La madeja de mi conocimiento se revolvió de un modo extraordinario. Los hilos entraban, salían los unos por entre los otros y culebreaban para separarse y ponerse en orden. Ya aparecían en grupos de distintos colores, y aunque harto enmarañados todavía, muchos de ellos, si no todos, parecían haber encontrado su puesto.
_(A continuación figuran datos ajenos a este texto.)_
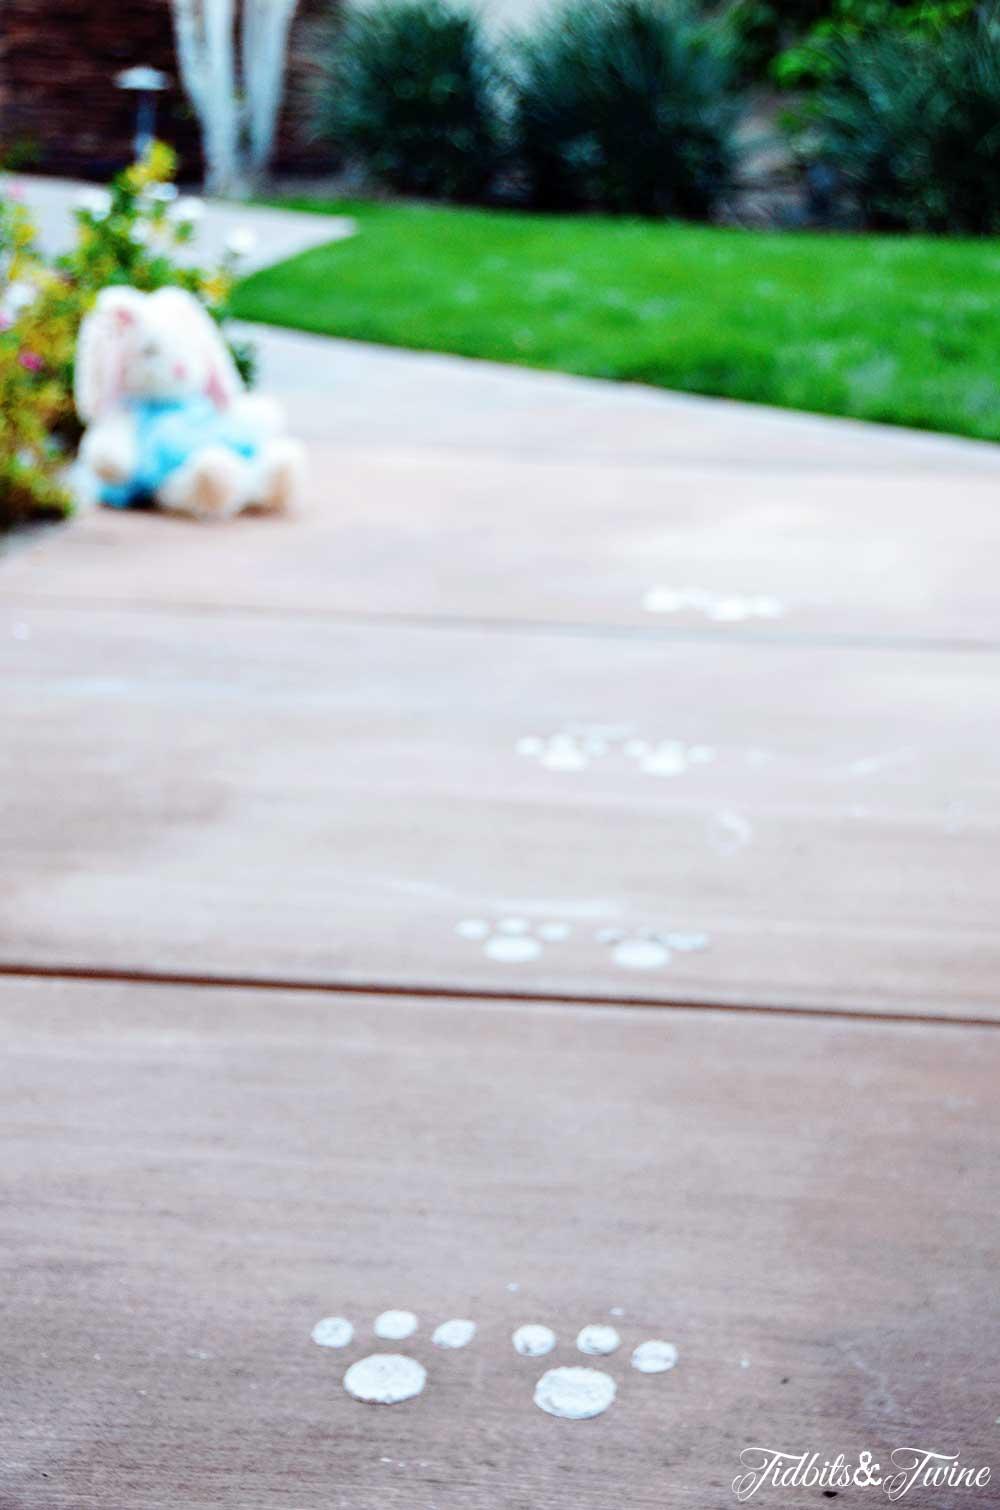 TIDBITS&TWINE - Easter Bunny Footprints

—Vos amábais á otra—prosiguió aquella que empezaba ya á no serme desconocida.— La ví y la observé. Quise tratarla por algún tiempo, y la traté y la conocí; la hallé tan indigna de vos, que desde luégo me consideré vencedora. Es imposible que me equivoque.

Al oir esto, el corazón mío, que hasta entonces había permanecido quieto y mudo, y dormido como un niño en su cuna, empezó á dar unos saltitos tan vivarachos y á llamarme con una vocecita tan dulce, que realmente me hacía daño. Dentro de mí se fué levantando no sé si diré un vapor, una onda que fué primero tibia y después ardiente, y me subía desde el fondo á la superficie del ser, despertando á su paso todo lo que dormía; una oleada invasora, dominante, que poseía el D. de la palabra, y al ascender por mí iba diciendo: «Arriba, arriba todo».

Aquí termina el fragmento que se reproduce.